Cough is one of the most common symptoms people schedule a visit with their doctor about. During cold and flu season, persistent dry cough fills the primary care doctors schedule. It’s just a cough, but it won’t go away . . . could it be lung cancer? Tuberculosis? Coworkers, friends and family will tell you “go see a doctor for that cough.”
So here’s what you need to know:
- What qualifies as a persistent dry cough? An annoying dry cough, where you aren’t coughing up much junk, that has been present for more than three weeks. Dry cough is often the symptom that hangs on after the rest of your respiratory symptoms have resolved.
- Cool fact: women tend to cough more than men due to a heightened cough reflex sensitivity.
What is causing your persistent dry cough?
- Post-infectious reactive airway disease. At this time of year, this is the most common cause of lingering dry cough. It occurs after an acute upper respiratory illness and though it may linger it will resolve without specific therapy. Airway inflammation after infection causes them to be hyperresponsive and twitchy, making you cough.

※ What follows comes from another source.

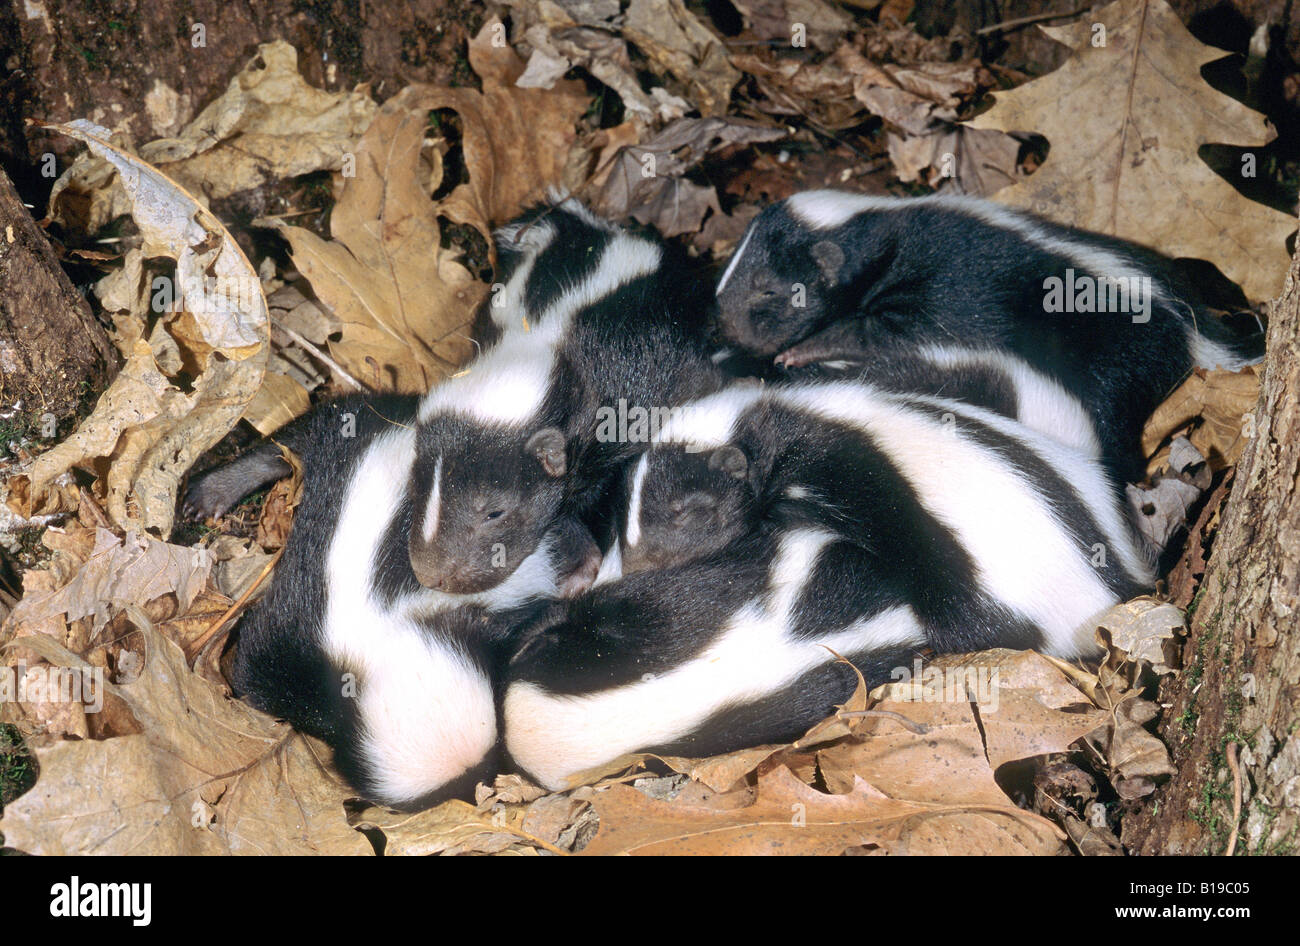 Litter of newborn striped skunks (Mephitis mephitis) in the family natal nest, Minnesota, USA. Stock Photo

- Upper airway cough syndrome (used to be called post nasal drip). Hints that this may be the cause of your cough: the sensation of liquid dripping down the back of your throat, throat clearing, and nasal discharge. A course of an intranasal spray like Flonase (fluticasone) or Nasacort over the counter may help solve that.
- Cough variant asthma. The second leading cause of a persistent cough in adults is called “cough-variant asthma.” Hints here: it may follow an upper respiratory infection, and worsen with exposure to cold or certain allergens (dust, certain fumes). If your doctor suspects this, an oral inhaler will be part of the solution.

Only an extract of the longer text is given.